In this research, we delve into the utilization of unsupervised learning techniques, specifically clustering, to categorize potential failure risks within equipment maintenance data. The goal is to harness the processed and dimensionally reduced data, as discussed in prior sections, to segregate historical maintenance records into distinct risk categories. This clustering aims to enable predictive insights regarding future equipment failures, assisting managerial decision-making by providing a structured framework for risk assessment.
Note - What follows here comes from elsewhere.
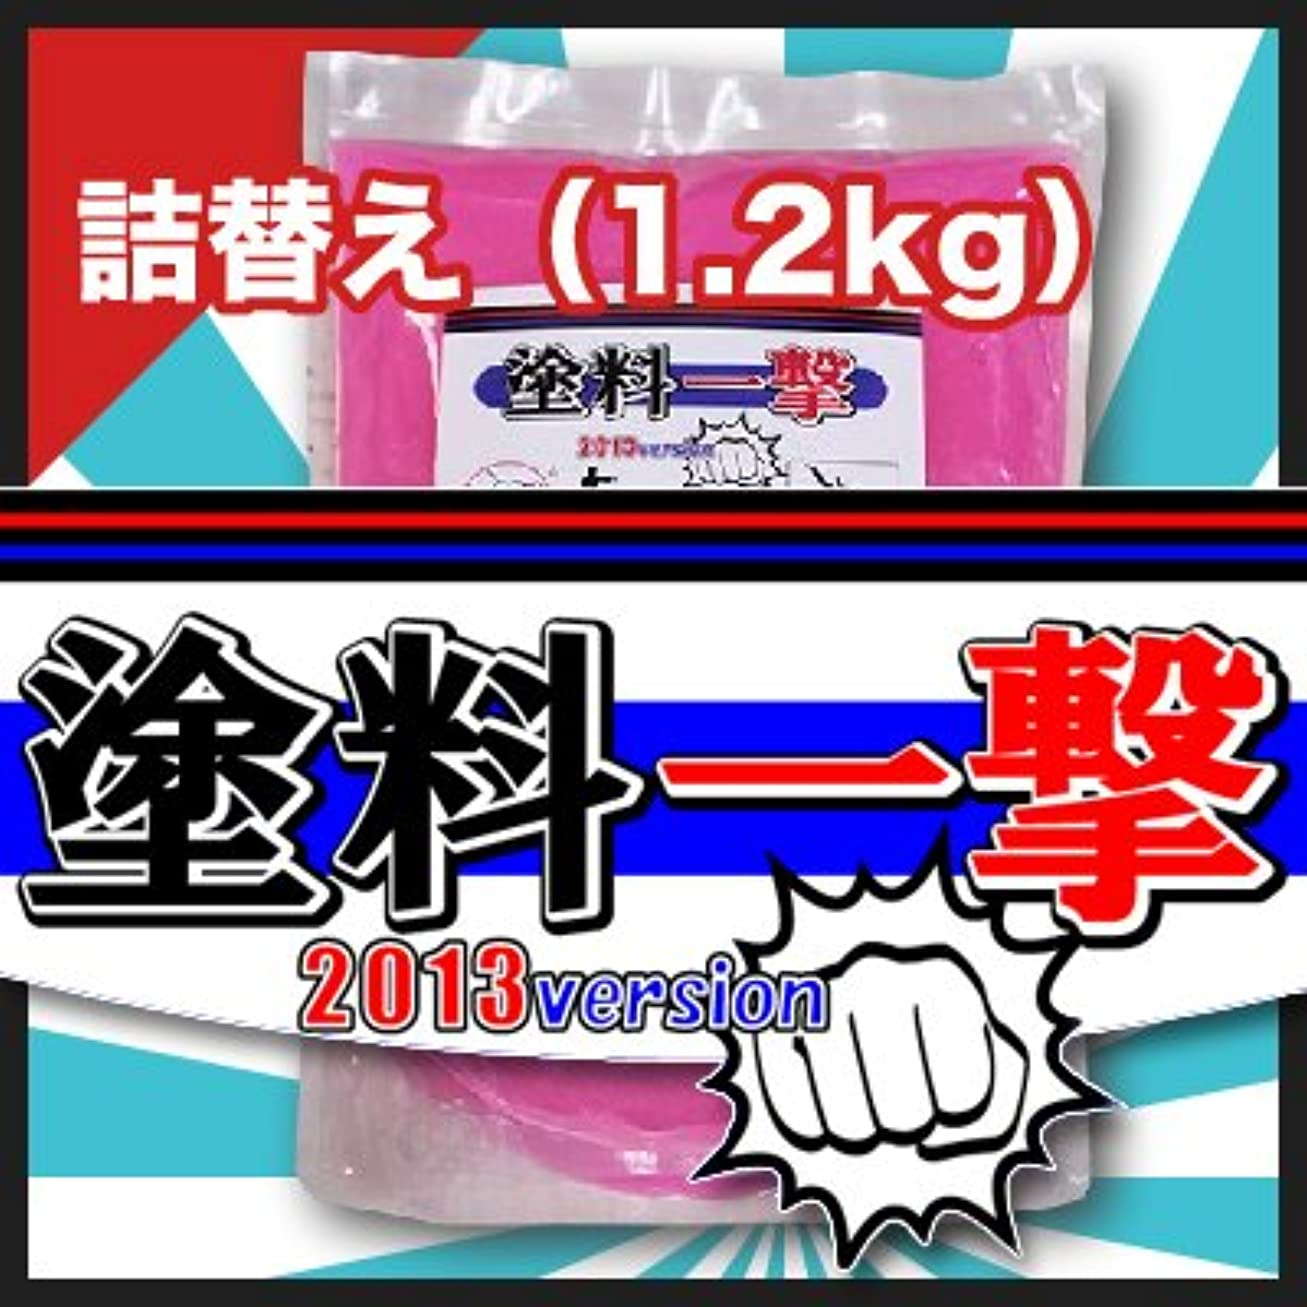 それ砂ぞっとするようなD.Iプランニング 塗料一撃 2013 Version 詰め替え (1.2kg)

Clustering involves evaluating the similarities among data points and grouping them into clusters that reflect these similarities. Effective clustering results in high cohesion within clusters and distinct separation between different clusters. The choice of clustering algorithm plays a pivotal role in the analysis. Among the various algorithms available, such as K-means clustering, hierarchical clustering, density-based clustering [32], combinatorial clustering [33], K-means was selected for its computational efficiency and its suitability for our dataset.

4.3.1 K-means clustering.

In this study, we employed unsupervised learning, specifically K-means clustering, to classify failure risk levels due to the absence of pre-existing labels in the original dataset. K-means clustering is particularly effective for our study’s objective of categorizing failure risks. To address the FMEA problem, K-means clustering can be used to evaluate and cluster the risk of failure modes [34]. This algorithm iteratively assigns data points to clusters based on their proximity to the cluster’s centroid, ensuring a straightforward implementation and reliable convergence. In essence, K-means is a hard clustering algorithm that assigns each data point to the nearest cluster without considering the probability of membership in other clusters.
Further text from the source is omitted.